* EXERCISE INPUT *
+ + + + + + +
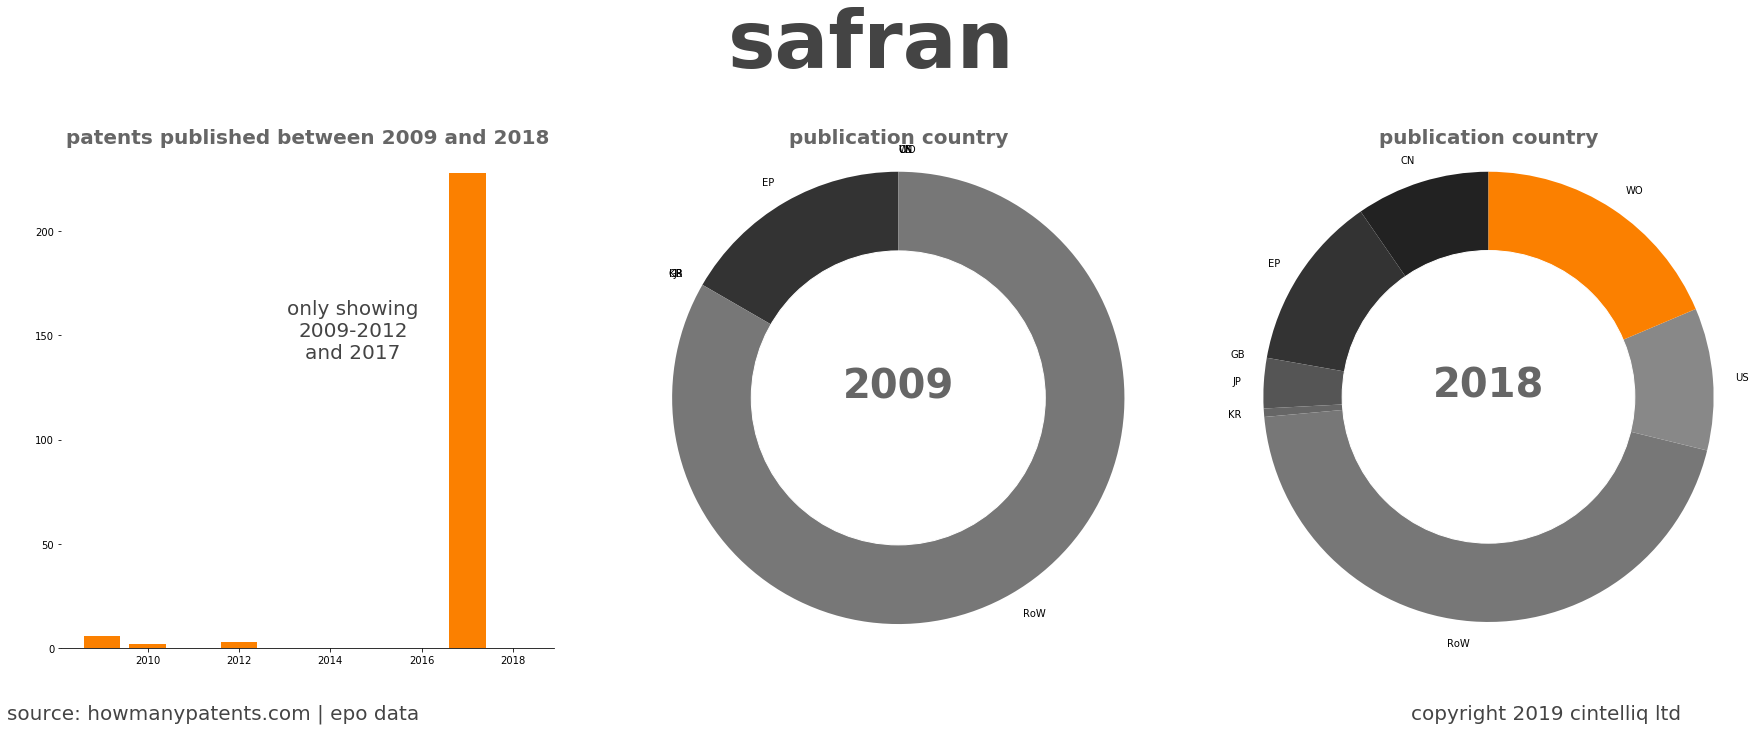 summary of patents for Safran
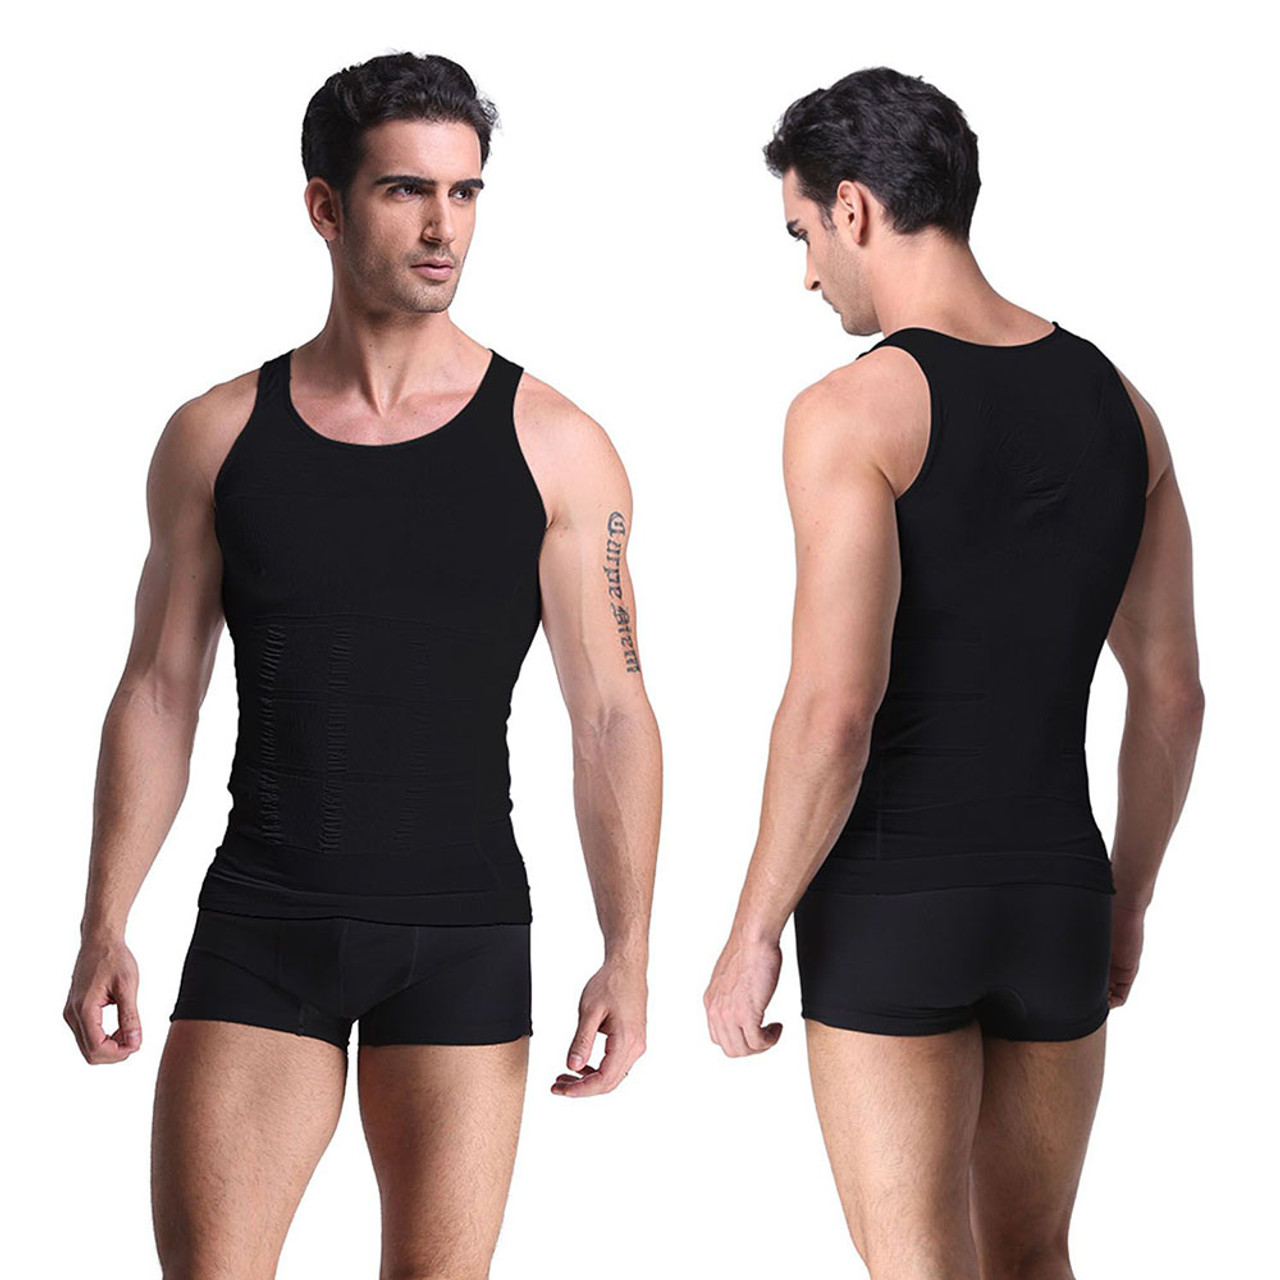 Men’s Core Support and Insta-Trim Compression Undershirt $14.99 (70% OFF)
+ + + + + + +
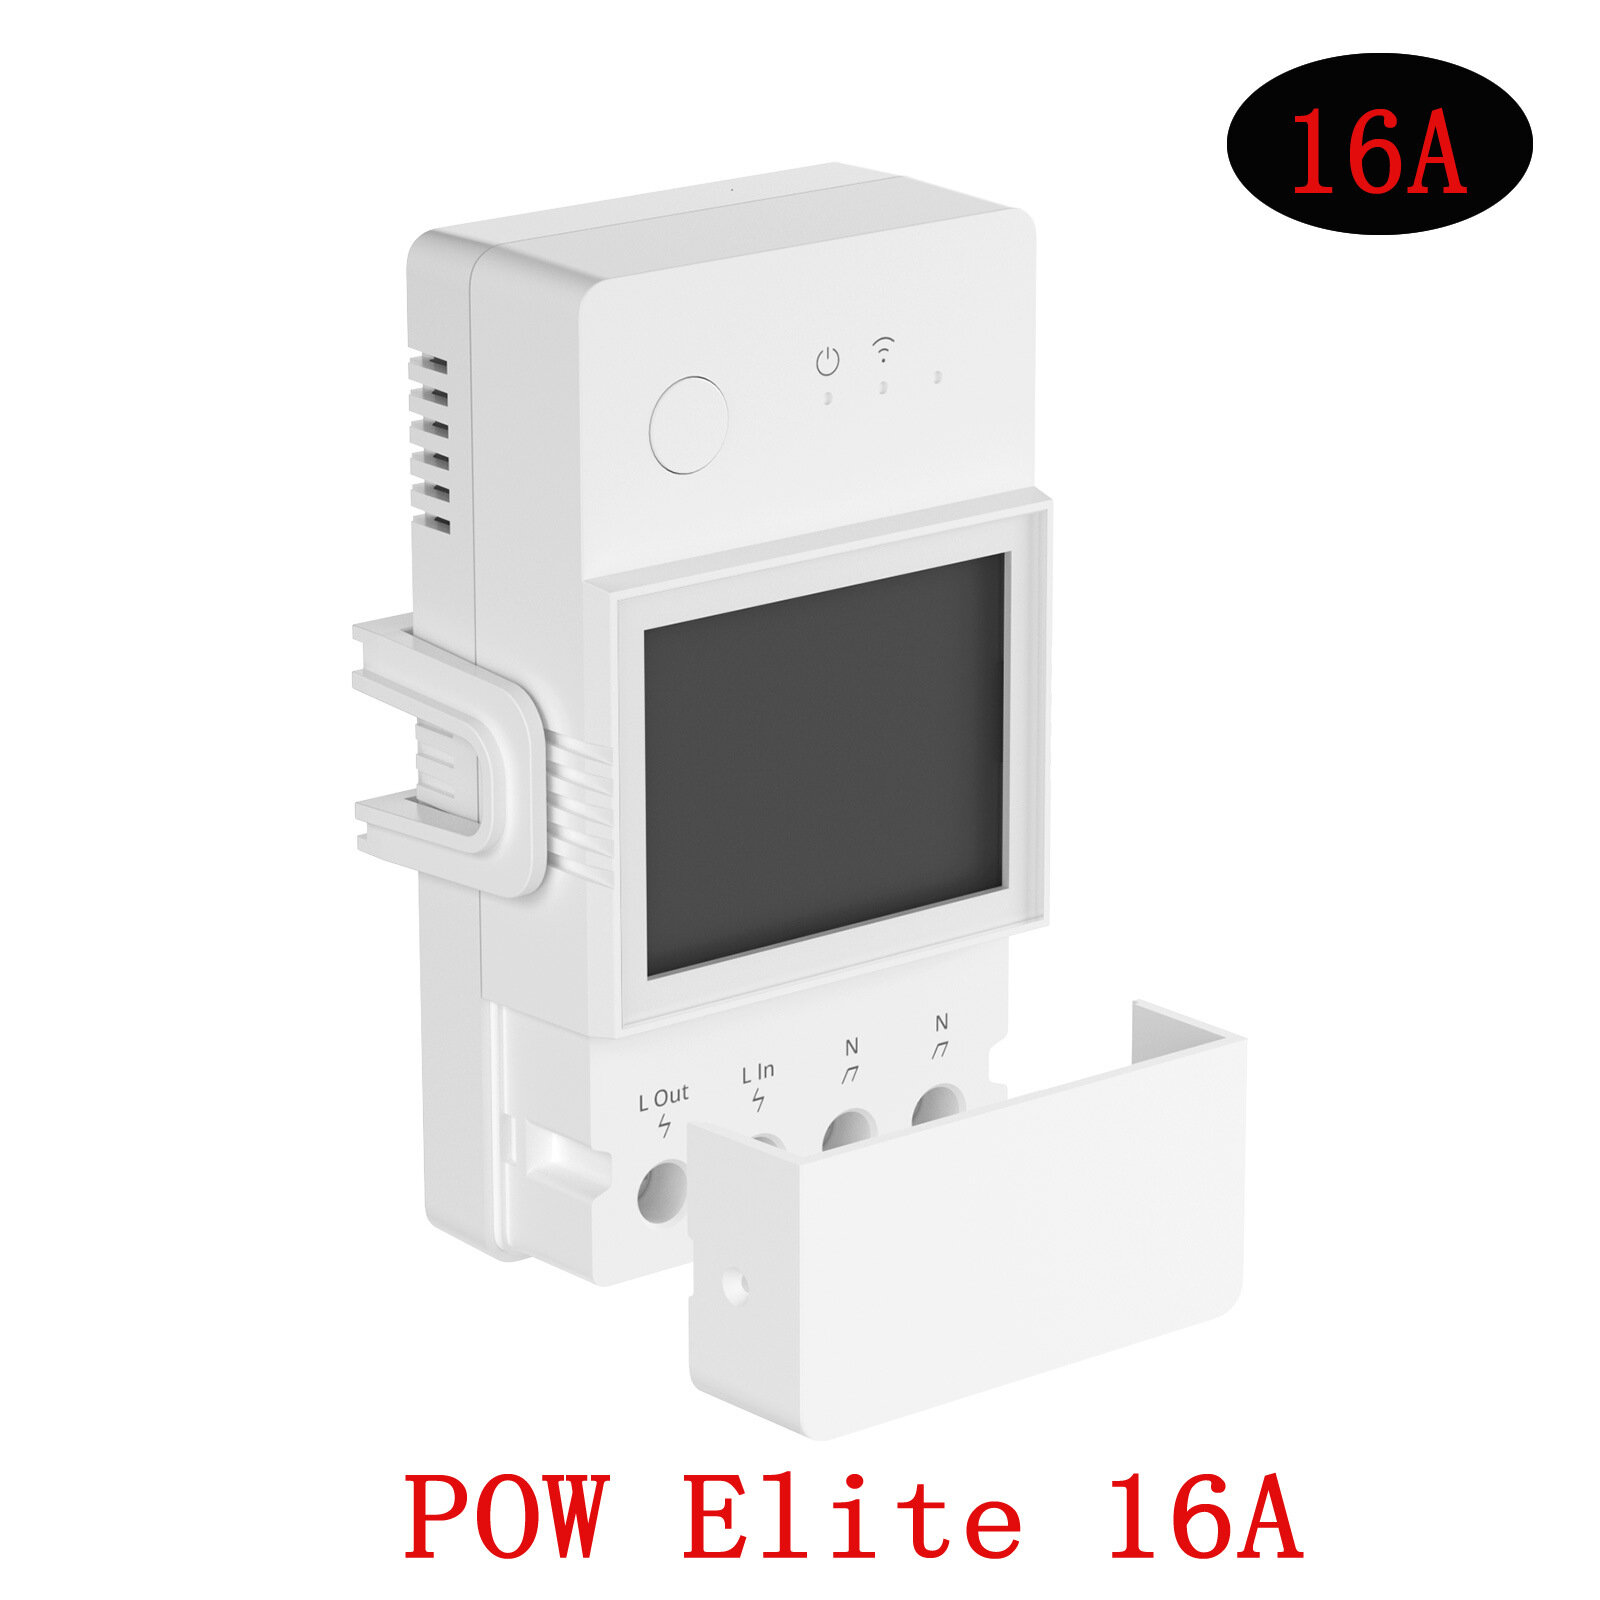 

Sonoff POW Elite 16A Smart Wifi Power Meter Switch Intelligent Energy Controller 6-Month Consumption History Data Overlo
+ + + + + + +
* WORK TO COMPLETE *
Starting at the line above with "summary of patents for Safran", output every line exactly up to and including the line with "Men’s Core Support", but none of the pictures.

* SOLUTION TO THIS PROBLEM *
 summary of patents for Safran
 Men’s Core Support and Insta-Trim Compression Undershirt $14.99 (70% OFF)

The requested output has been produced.